Le représentant du Mali a rappelé que la Communauté économique des Etats de l'Afrique de l'Ouest (CEDEAO), actuellement présidée par son pays, a proposé récemment de déployer le long des frontières de ces trois pays une force multinationale et a ajouté qu'un sommet extraordinaire de la CEDEAO devrait, dans les prochains jours, traiter de la situation dans la sous-région.  Plusieurs intervenants ont par ailleurs souligné que la situation en Guinée mettait une fois de plus en lumière la nécessité de faire respecter les sanctions imposées par le Conseil.  A cet égard, ils se sont félicités des sanctions que le Conseil de sécurité a envisagées, hier, de prendre contre le Libéria si celui-ci ne cesse pas dans les deux mois son soutien au RUF.

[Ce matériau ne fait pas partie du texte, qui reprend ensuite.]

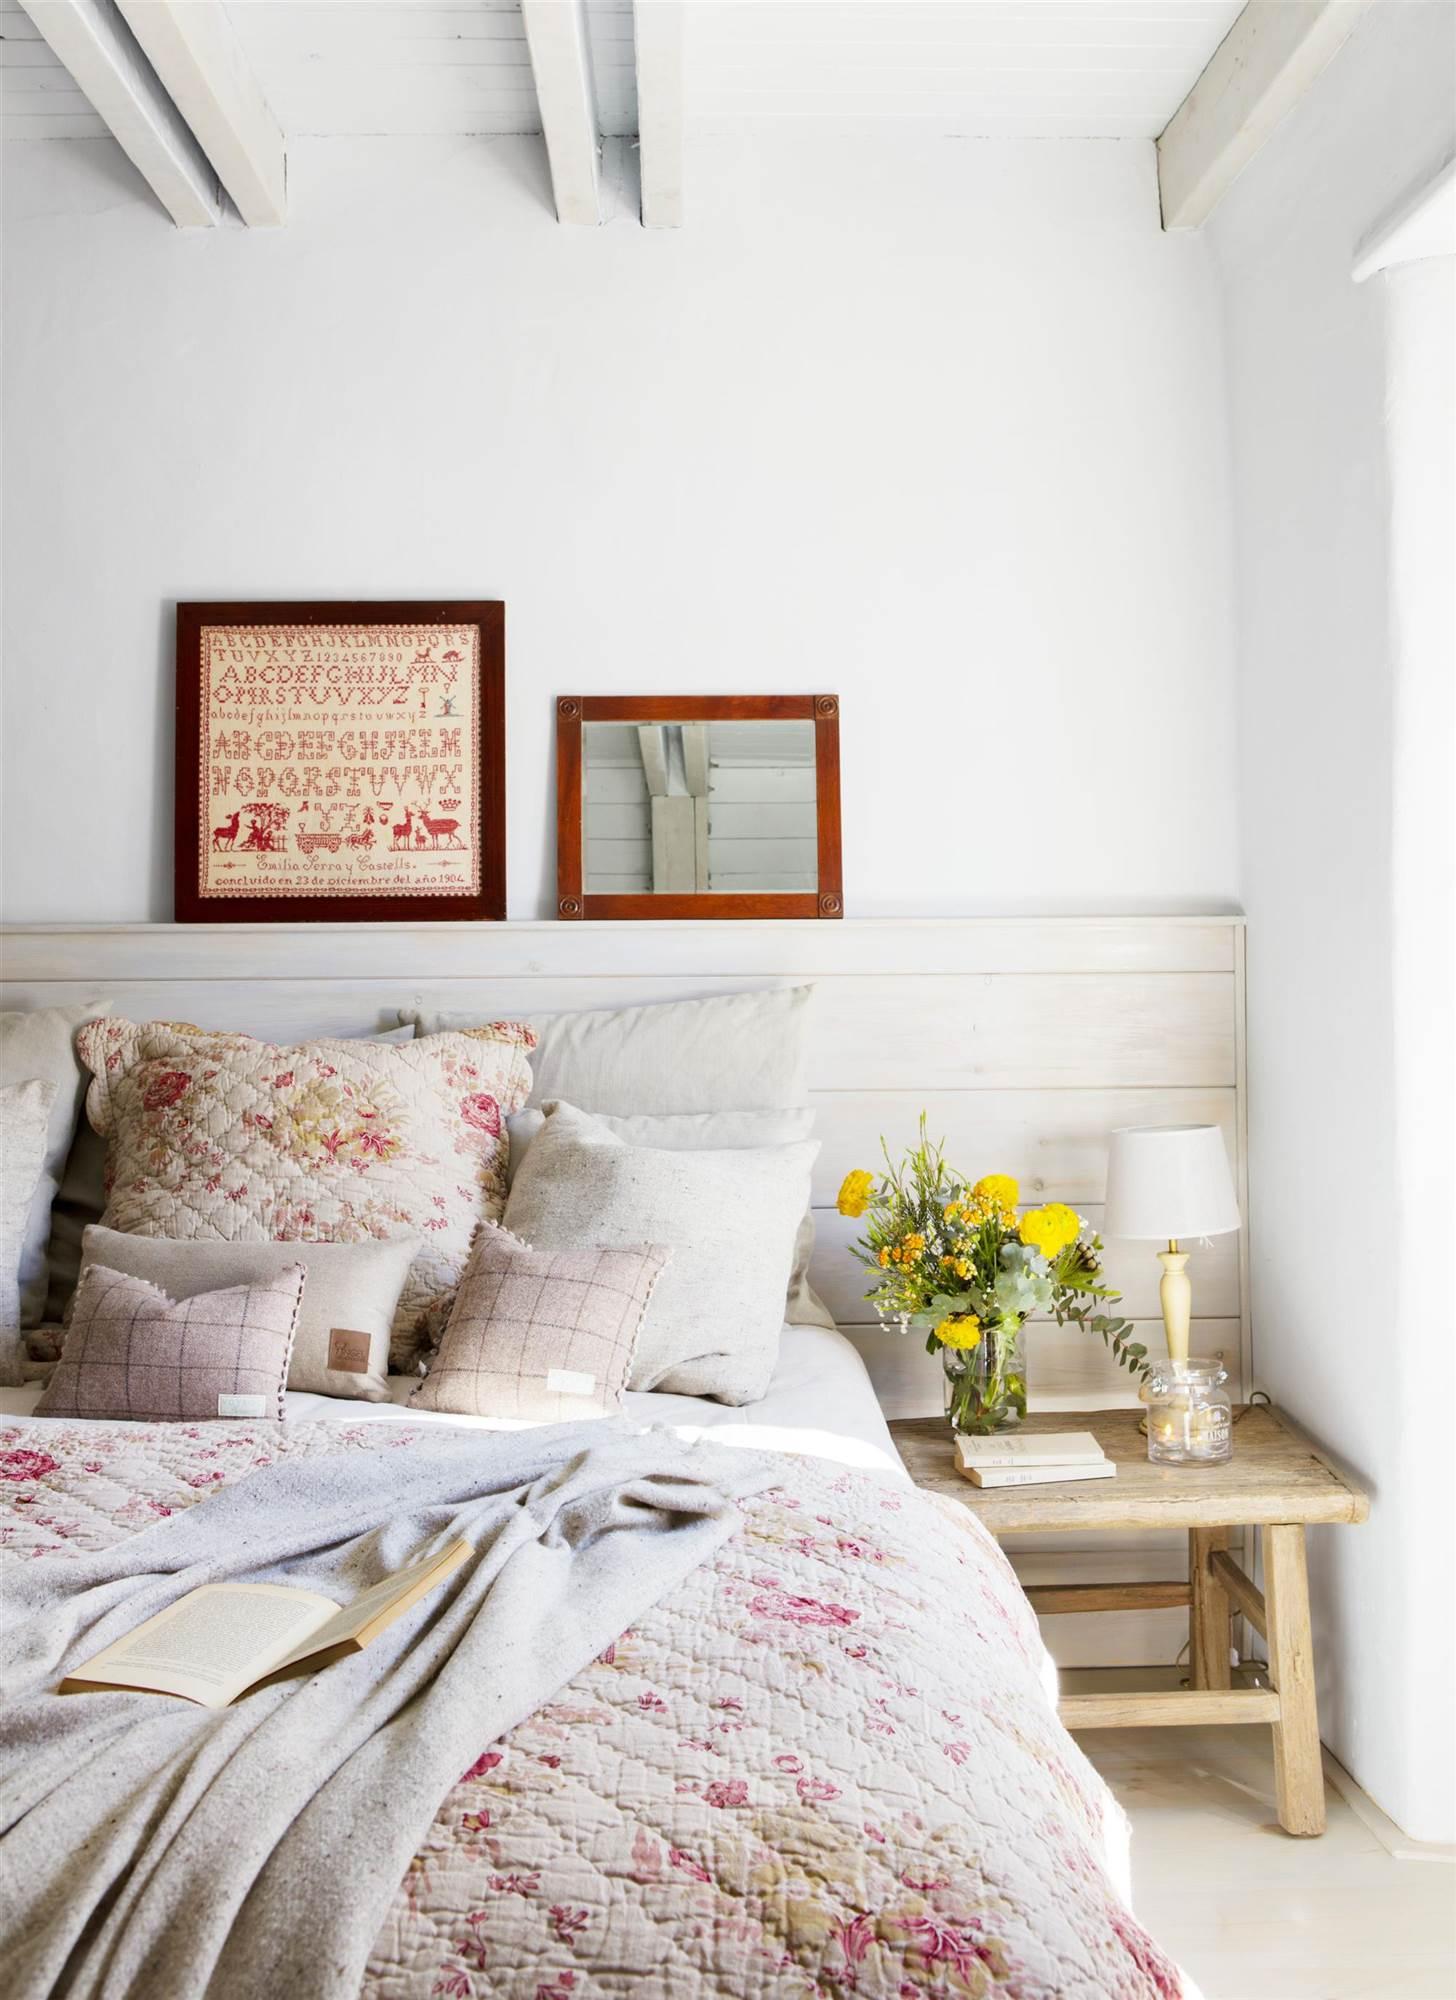 Los cuadros de tu casa dicen mucho de tu personalidad - Que cuadros poner en el dormitorio ...
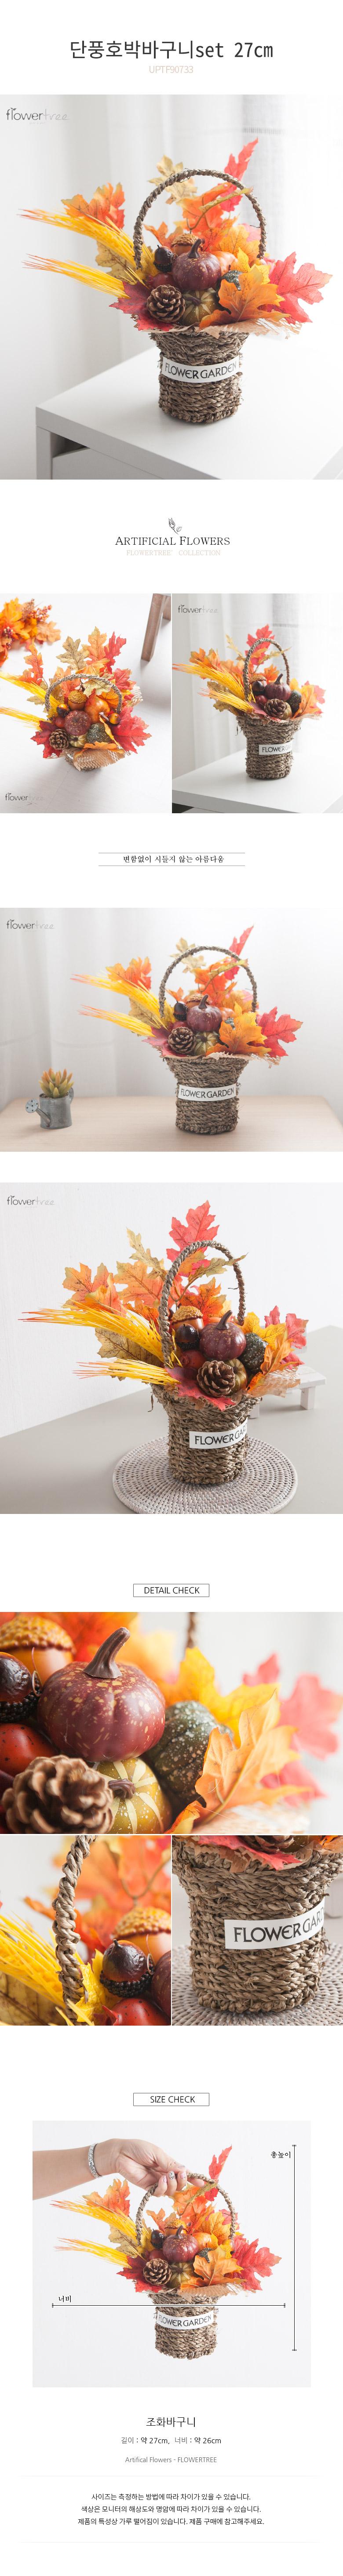 단풍 호박 바구니 set 27cmP 조화 화분 모형 FMFUFT - 플라워트리, 30,060원, 조화, 꽃다발/꽃바구니

LA SITUATION LE LONG DE LA FRONTIERE ENTRE LA GUINEE, LE LIBERIA ET LA SIERRA LEONE


Exposé du Haut Commissaire des Nations Unies pour les réfugiés


M. RUUD LUBBERS, Haut Commissaire des Nations Unies pour les réfugiés, a tout d'abord, en cette journée mondiale des femmes, rendu hommage aux femmes réfugiées.  En leur nom, il a rappelé qu'il avait demandé, lors de sa mission en Afrique de l'Ouest en février, un droit d'accès libre et sûr aux réfugiés et un droit de libre passage pour les réfugiés.  Il a noté que depuis son voyage, la coopération avec l'armée et les autorités de la Guinée s'est améliorée.  Il a distribué un document actualisé concernant les opérations du HCR en Guinée, tant en ce qui concerne les transferts de réfugiés que les sites d'accueil et la situation dans la région de la Languette.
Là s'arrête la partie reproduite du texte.